Пеликан, сдерживая дрожь в коленках, стоял на поддоне для кирпичей и пел в темноту про кузнечика, который совсем как огуречик... и так далее.
– Да ты расслабься, – ласково сказал в ухе голос Карпелова. Коля потрогал ухо. В динамике чуть потрескивало, он услышал, словно совсем рядом, как кто-то возле Карпелова пропел «зелененький он был». Карпелов со своими людьми сидел на крыше дома напротив.
– А три часа прошло? – закричал отчаянно Пеликан. – Который час?
– Не ори, – голос в ухе теперь был незнакомый, – оглянись по сторонам, еще светло.
– Ни хрена не светло! – Пеликан не мог сдержаться и говорил очень громко, вглядываясь в смутные очертания подъемного крана.
– Через три минуты время. – Кто-то начал говорить, потом, видимо, затянулся сигаретой. – Слышь, Карпелов, как там на кладбищах? Порядок?
– Ты мне посмейся, посмейся, – незлобиво ответил Карпелов.
– «Он ел одну лишь травку», – прошептал обреченно Пеликан.
– Товарищ майор, я тут подумал, – молодой голос принадлежал напарнику Карпелова, который интересовался, кто вскрыл для Пеликана дискету, – предположим, вы – туляк. Вы подозреваете, что вас ждут. Что делать будете?
– Пальну по чему-нибудь на Пеликане для острастки, – предложил Карпелов.
– «И с мухами дружил!» – повысил голос Пеликан.
– Так и я про то же! Джинсики, футболочка, кроссовки. У него даже медальона никакого нет, не говоря уже о красном ошейнике.
– Ты хочешь сказать, чтобы он замолчал и не подавал голоса? – предположил Карпелов. – А ведь снайпер вполне мог записать его голос.
– «Но тут пришла лягушка», – перешел на речитатив Пеликан, потрогав серьгу в ухе.
– Да нет, – в раздумье пробормотал Миша Январь, – я думаю...
– Пеликан, ложись! – закричал Карпелов так, что Коля Пеликан дернулся и схватился за ухо, в котором был динамик. Он медленно опустился на колени и оглядел темноту вокруг себя.
– Пеликан, – сказал Карпелов напряженно, – не паникуй, сними серьгу свою из уха и забрось ее подальше, слышишь! Сними. Серьгу.
– «И съела кузнеца», – успел сказать одними губами Пеликан, прежде чем раздался страшный грохот, прежде чем ему обожгло горячим щеку, прежде чем он упал, прежде чем зажглись сильные лампы и к нему побежали люди в камуфляжной форме.
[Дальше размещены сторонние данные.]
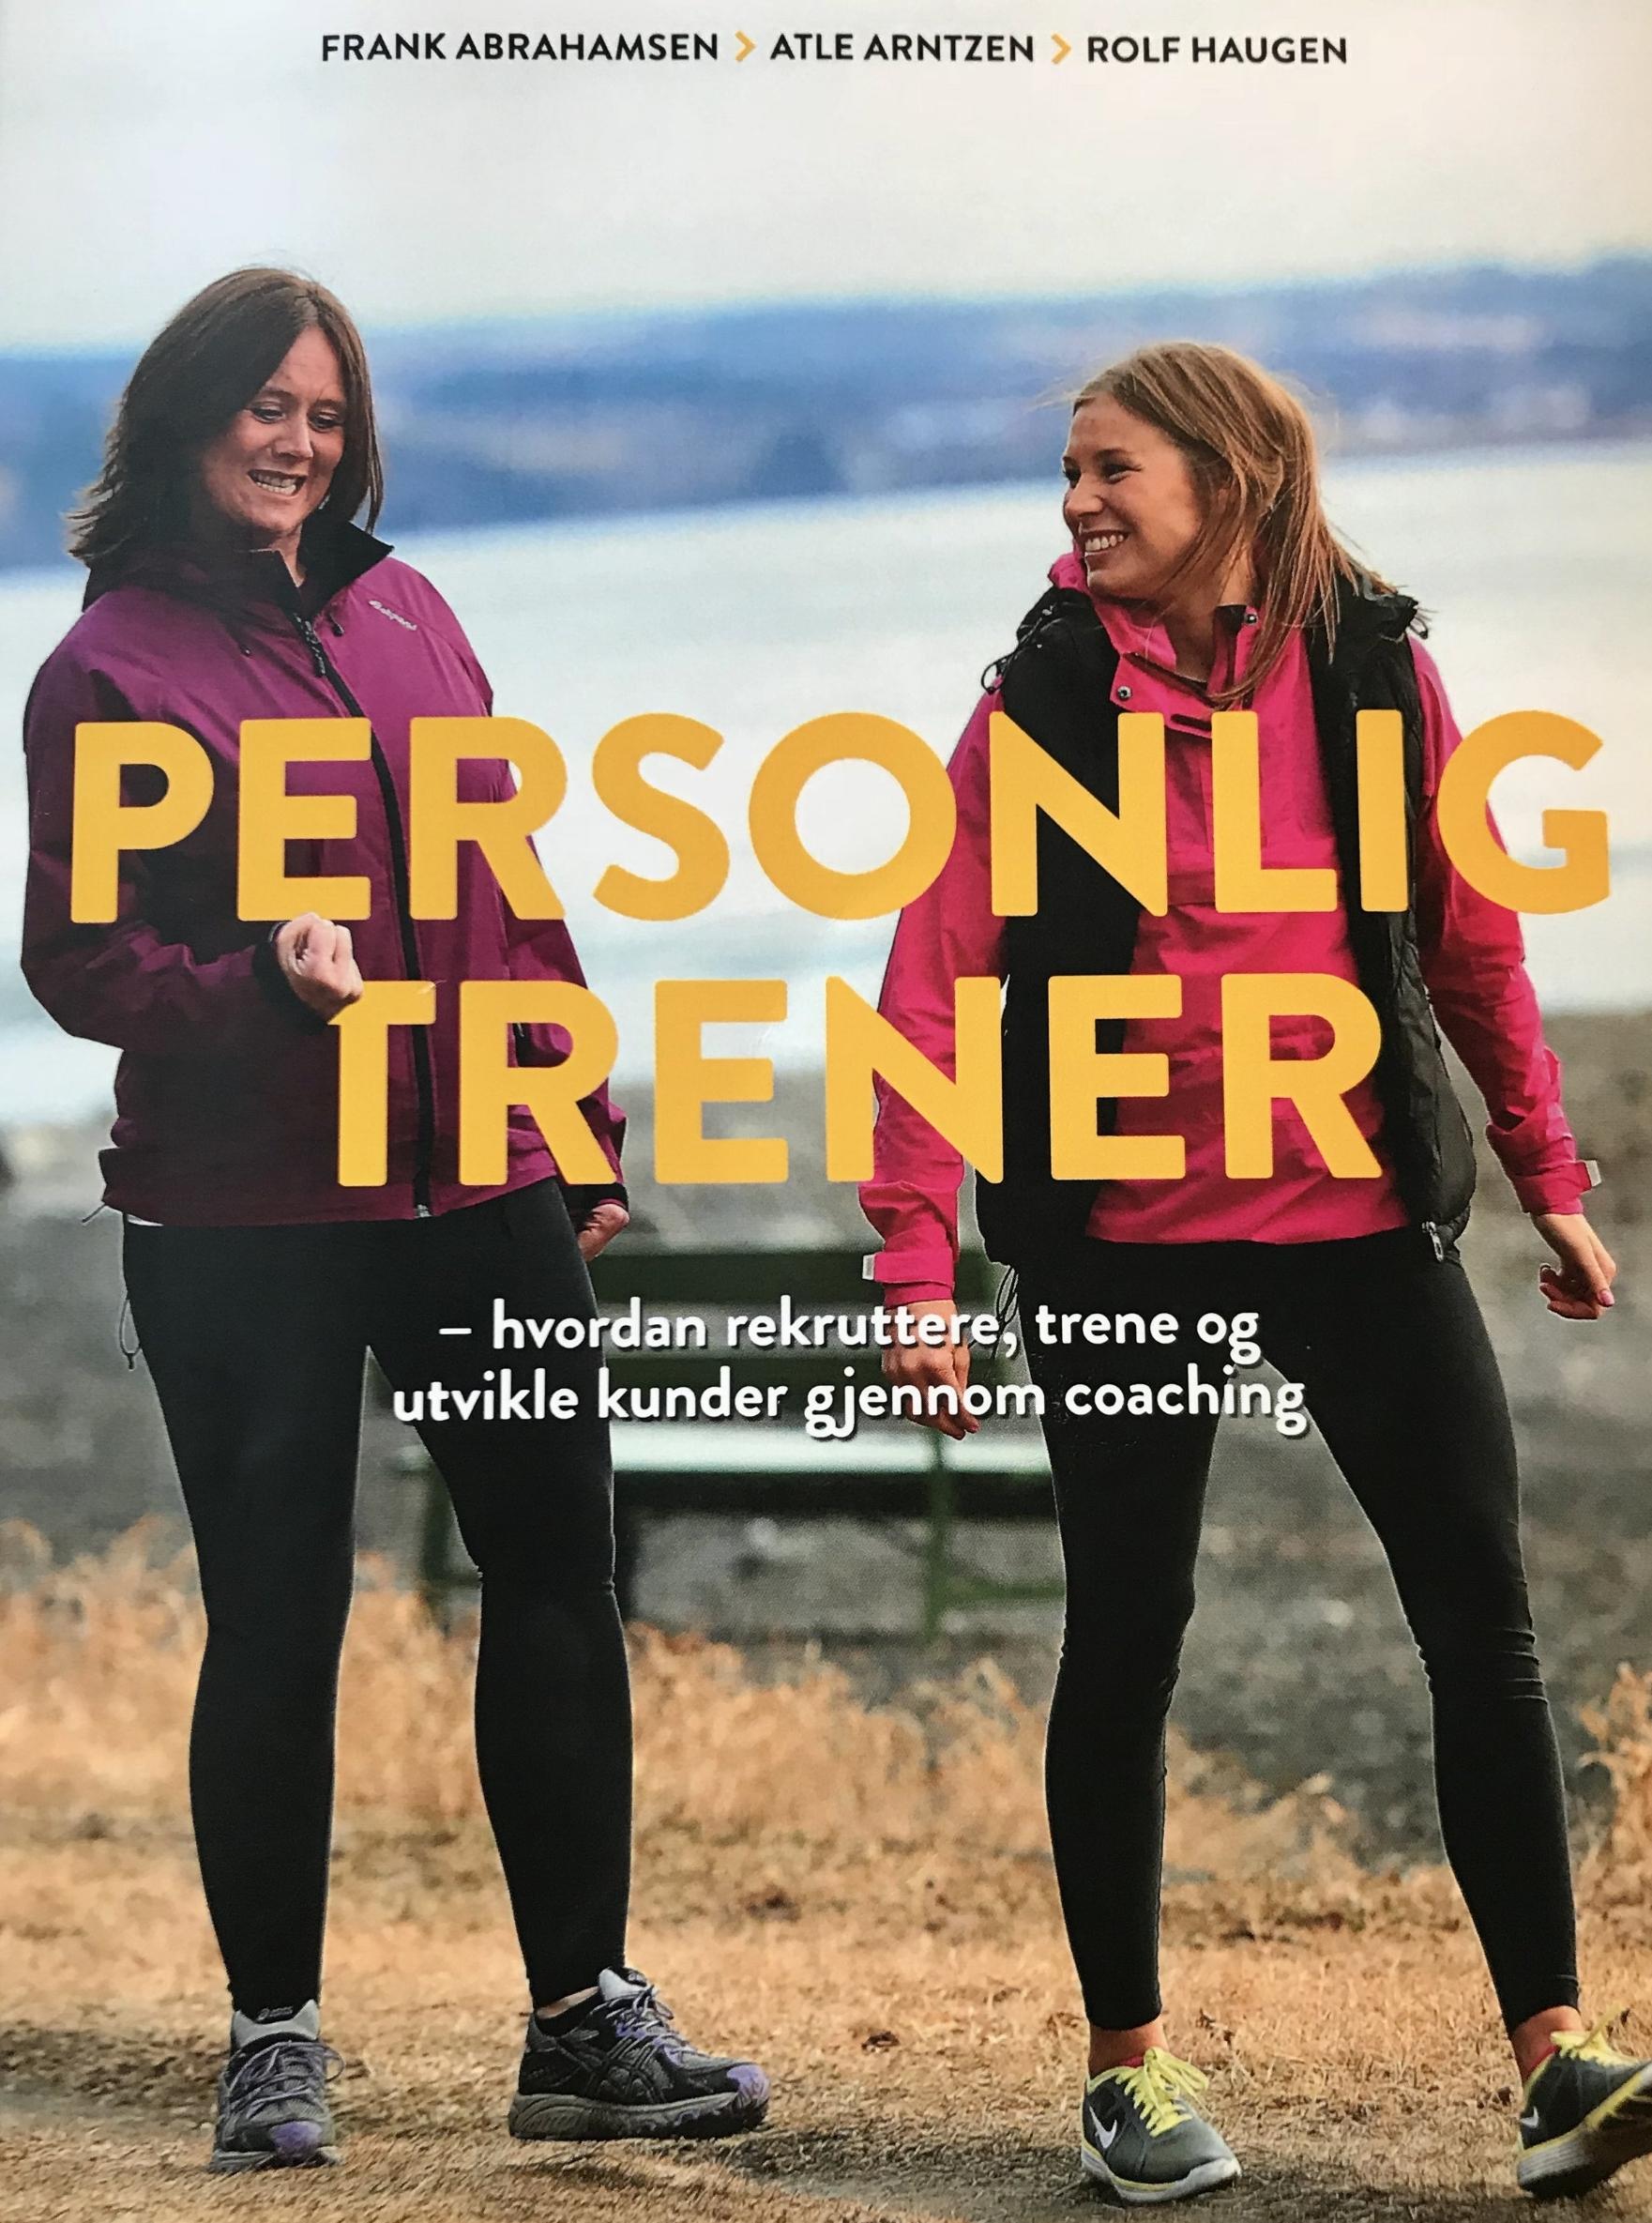 Den første boken, heter «Personlig Trener» og ble gitt ut i 2014. I 2018 kommer den reviderte og nye boken på markedet.

Карпелов с застывшим лицом шел к строительной площадке. Навстречу ему бежал запыхавшийся Январь, он бросился на стройку, как только грохнуло.
– Жив, – коротко, на выдыхе.
– Нашли кого? – спросил Карпелов, ни на что не надеясь. Январь покачал головой.
– Что это грохнуло так сильно? – Карпелов остановился и смотрел на носилки, которые выносили со стройплощадки.
– Есть у меня одна мысль. – Январь сглотнул, все еще не в силах отдышаться.
– Ты вот что, – перебил его Карпелов, – ты сразу мысль говори, без предупреждения. Ты на крыше только что хотел мне про серьгу сказать?
Январь опять отрицательно покачал головой:
– Так просто, саднило что-то, я стал размышлять вслух.
– Ну ладно тогда, если не врешь, а то я подумал, что тебе стоит поторапливаться со своими мыслями. А вообще – молодец. Спецом будешь. – Карпелов тронул своего напарника за плечо, резко отвернулся и пошел к носилкам.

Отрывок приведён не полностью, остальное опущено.